This paper reports the methods used to develop the guidelines and presents a summary of the recommendations (details will be available at https://www.mariecurie.org.uk/ by searching “missing data guidelines”).
Methods
Setting
A 1-day workshop was commissioned by Marie Curie to take place before the UK Marie Curie conference in 2017. Formal ethical review was not undertaken for this expert consensus guideline development process, and attendance at the workshop was taken as implied consent.
Design
A modified nominal group technique was used to develop the recommendations which allowed delegates to develop ideas, identify priorities and inform the guidelines in a structured manner. 13 Five steps were followed: (i) summary of the evidence, (ii) silent generation of ideas, (iii) contributing and developing ideas by structured groups, (iv) voting, 13 (v) writing the guidelines. The steps and rationale for the design are specified in Table 1.
Nominal group technique process and rationale.
Nominal group techniques seeks to generate a range of ideas and so key informants should be selected to participate. 13 Participants were therefore purposively sampled based on their expertise and included patient and public involvement (PPI) research partners, palliative care clinicians, palliative care trialists and methodologists including statisticians (Table 1). The steering group identified potential participants who were contacted via email by the workshop organisers. Potential participants were also asked to recommend any other potential participants. The PPI research partners had a range of expertise, including experiencing advanced chronic illness, being a carer for someone with a life-limiting illness and being involved as PPI partners and/or participants in palliative care trials. Although in the majority the palliative care trialists also had worked, or currently worked, as palliative care clinicians, clinicians without an academic trials background were specifically recruited to provide the perspective of clinicians supporting patients through studies. Methodologists with expertise in missing data analyses and trial design and conduct both within and outside of palliative care were sampled. This included methodological leaders in this area. A priori a cap of 60 delegates in total was set to ensure the groups could engage in detailed discussion from all participants 13 – if the cap was reached the steering group would decide on which delegates to include to maximise the diversity of expertise available.
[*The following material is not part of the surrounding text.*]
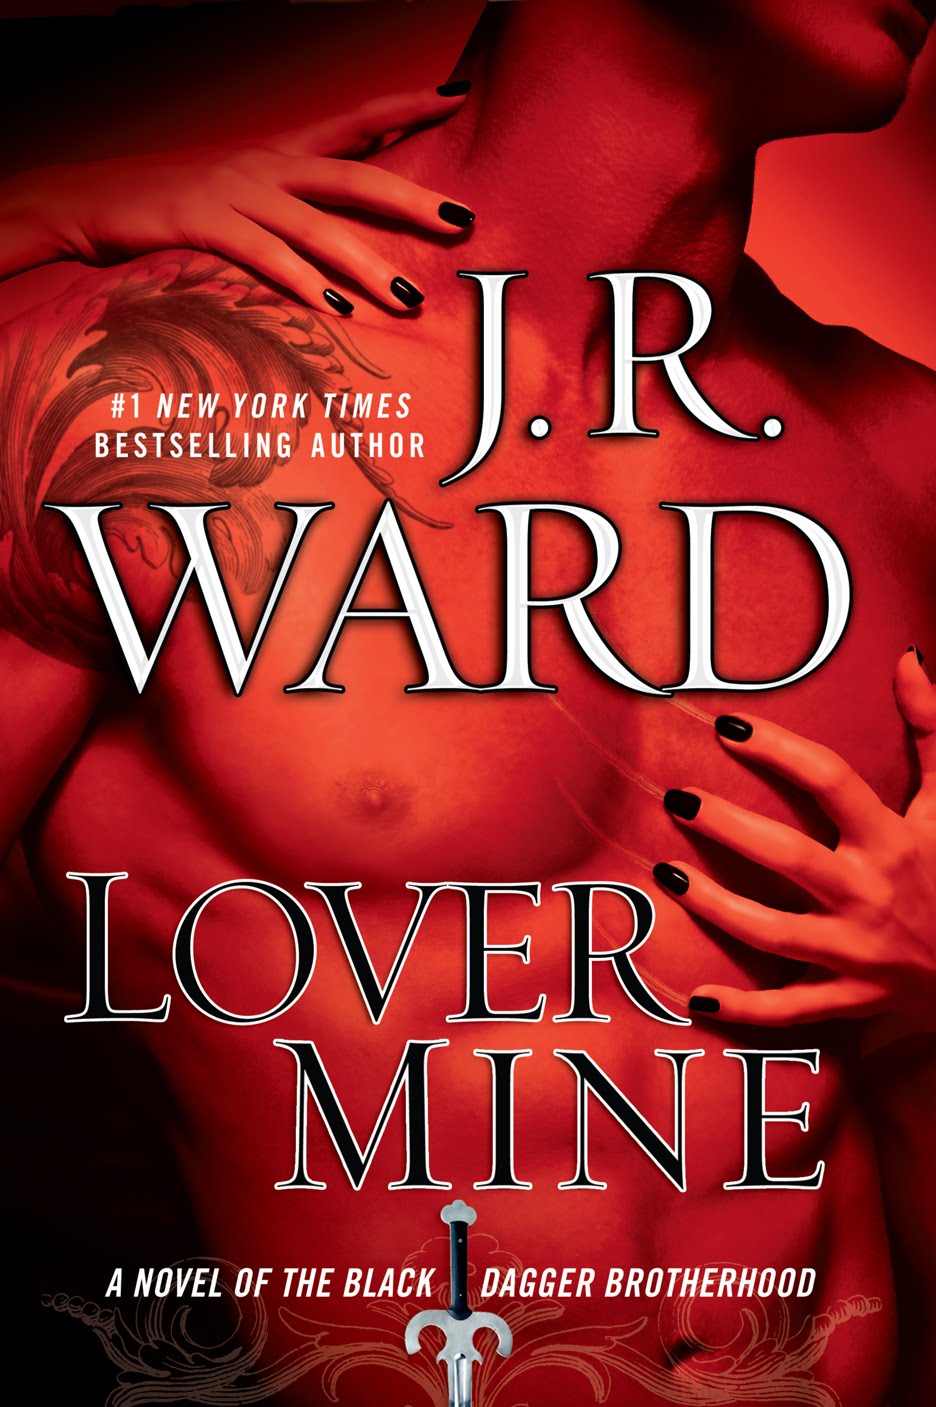 Книга осма - Единствена любов (Lover Mine)  - Page 7 BDB8-Lover+Mine
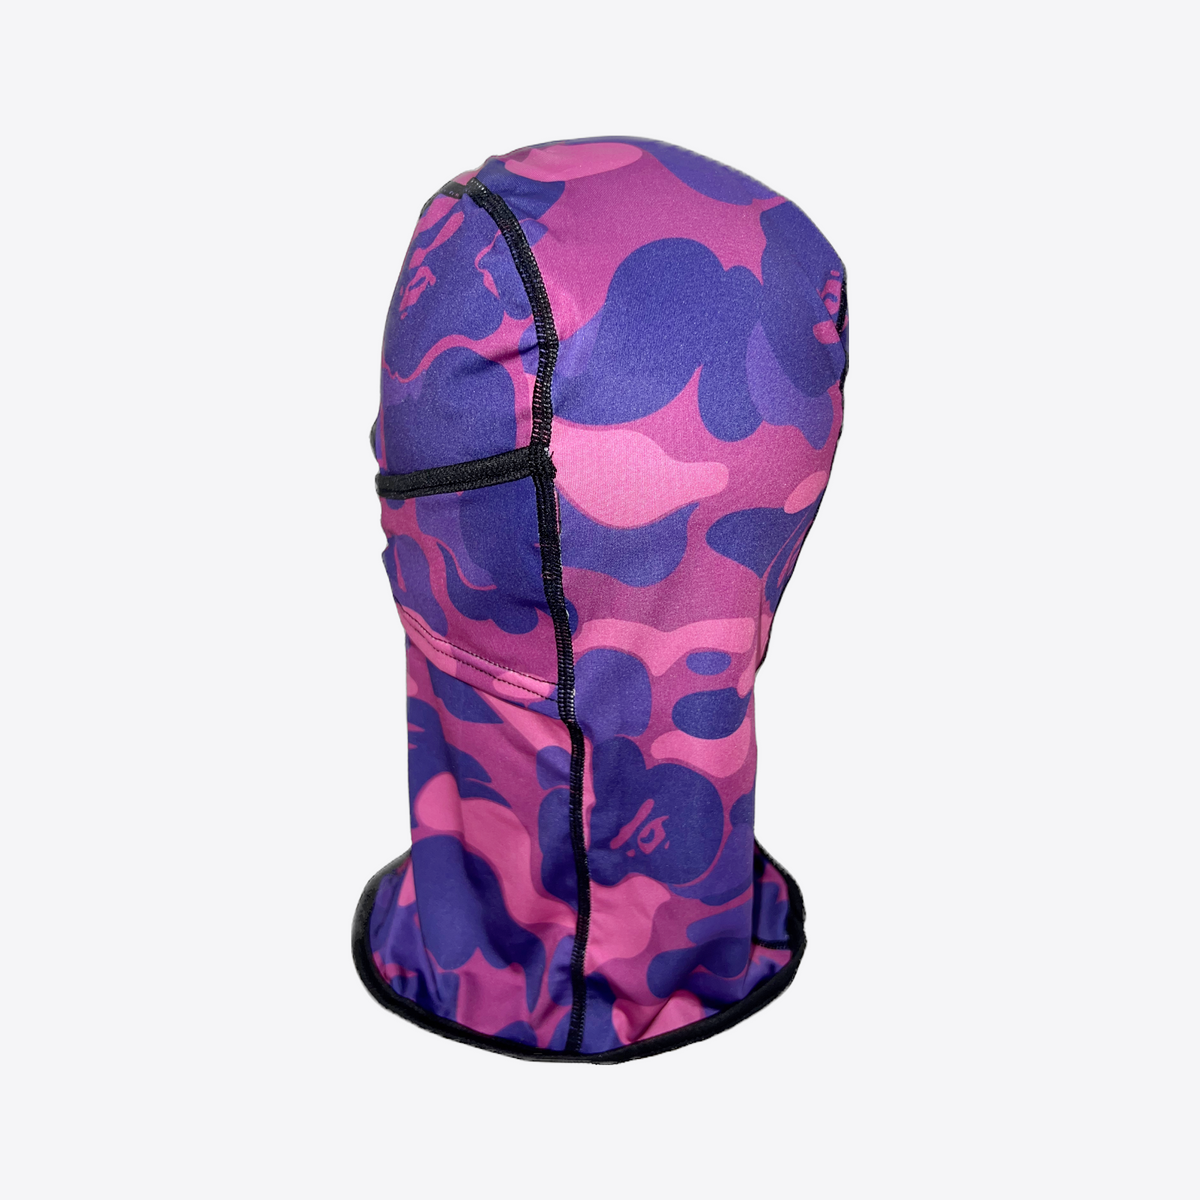 Bape Purple Camo Shiesty Mask Balaclava

Data analysis and synthesis
Raw data from voting were entered into an Excel spreadsheet to provide the frequency of votes for each recommendation by delegate role (Table 2).
Original votes for the recommendations.
PPI: patient and public involvement research partner.
Each attendee could vote for their top three recommendations – each recommendation therefore had the potential for 51 votes.
Notes from the scribes were transcribed and coded based on the principles of thematic analysis 14 by one researcher (JH) who developed the initial framework using NVivo (Supplemental Material 1). The transcripts and coding framework were reviewed and clarified with a second researcher (MJJ) from which reducing, handling and reporting missing data themes were identified and used to generate a draft outline for the guidelines. Coded recommendations were rearranged by theme and duplicates were combined. The original language used by participants was used where possible, with amendments for clarity. The group facilitators reviewed the frequency of votes for each recommendation, the generated themes and draft guidelines which highlighted areas of uncertainty and contradictions. The facilitators provided suggestions and comments, following which the draft guidelines were updated. The guidelines were reviewed by a development group comprising a patient research partner, clinicians, palliative care trialists and methodologists including statisticians; four iterations were drafted before the guidelines were approved by all members.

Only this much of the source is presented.